DataDROP I/O

An application’s input and output drops are accessed through its inputs and outputs members. Both of these are lists of drops, and will be sorted in the same order in which inputs and outputs were defined in the Logical Graph. Each element can also be queried for its uid.

Data can be read from input drops, and written in output drops. To read data from an input drop, one calls first the drop’s open method, which returns a descriptor to the opened drop. Using this descriptor one can perform successive calls to read, which will return the data stored in the drop. Finally, the drop’s close method should be called to ensure that all internal resources are freed.

Writing data into an output drop is similar but simpler. Application authors need only call one or more times the write method with the data that needs to be written.

Serialization

Many data components are capable of storing data in multiple formats determined by the drop component.
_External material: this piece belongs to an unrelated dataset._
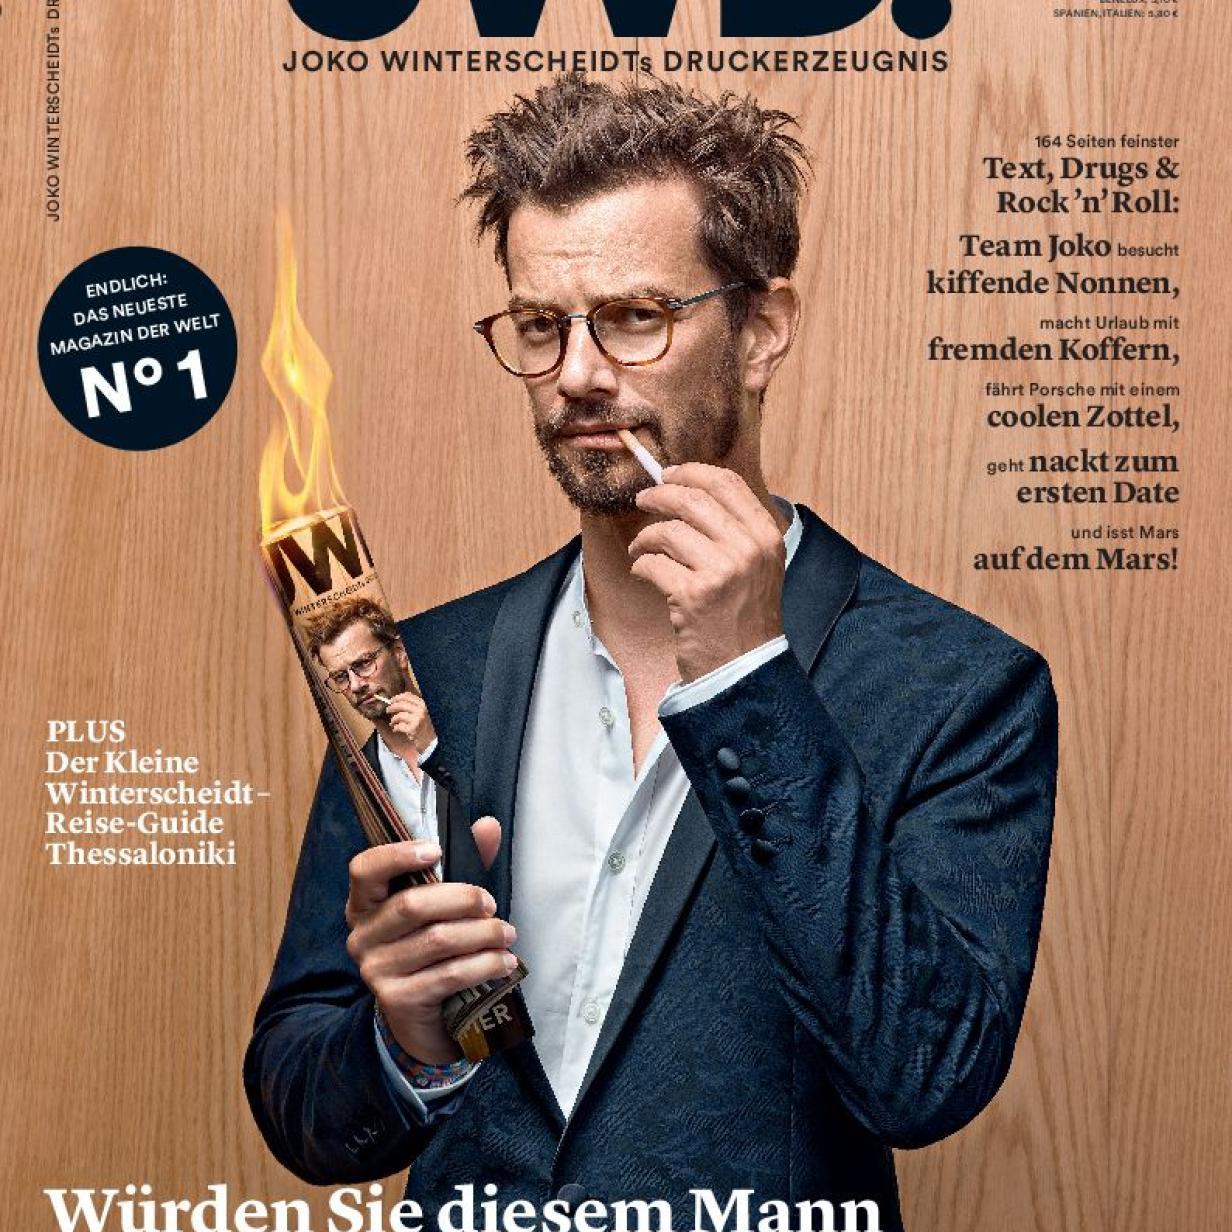 Joko Winterscheidts Magazin wird eingestellt

The common data io interface allows app components to be compatible with many data component types, however different app components connected to the same data component must use compatible serialization and deserialization types and utilities.

String Serialization

Raw String

The simplest deserialization format supported directly by DataDrop.write and DataDrop.read.

JSON (.json)

Portable javascript object format encoded in utf-8. JSON Schema is to be handled by the input and output apps, which may also be stored as JSON. Serialization of python dictionaries is provided by json.dump and deserialization with json.load.

INI (.ini)

Simple format for storing string key-value pairs organized by sections that is supported by the python configparser library. Due to the exclusive use of string types this format is a good for mapping directly to command line arguments.

YAML (.yaml)

Markup format with similar featureset to JSON but additionally contains features such as comments, anchors and aliases which make it more human friendly to write. Serialization of dictionaries is provided by yaml.dump and deserialization with yaml.load.

XML (.xml)

Markup format with similar features to YAML but with the addition of attributes. Serialization can be performed using dicttoxml or both serialization and deserialization using xml.etree.ElementTree.

Python Eval (.py)

Python expressions and literals are valid string serialization formats whereby the string data is iterpreted as python code. Serialization is typically performed using the __repr__ instance method and deserialization using eval or ast.eval_literal.

Binary Serialization

Data drops may also store binary formats that are typically more efficient than string formats and may utilize the python buffer protocol.

Raw Bytes

Data drops can always be read as raw bytes using droputils.allDropContents and written to using DataDROP.write. Reading as a bytes object creates a readonly in-memory data copy that may not be as performant as other drop utilities.

Pickle (.pkl)

Default serialazation format capable of serializing any python object. Use save_pickle for serialization to this format and load_pickle for deserialization.

Numpy (.npy)

Portable numpy serialization format. Use save_numpy for serialization and load_numpy for deserialization.

Numpy Zipped (.npz)

Portable zipped numpy serialization format. Consists of a .zip directory holding one or more .npy files.

Table Serialization

parquet (.parquet)

Open source column-based relational data format from Apache.

Specialized Serialization

Data drops such as RDBMSDrop drops manage their own record format and are interfaced using relational data objects such dict, pyarrow.RecordBatch or pandas.DataFrame.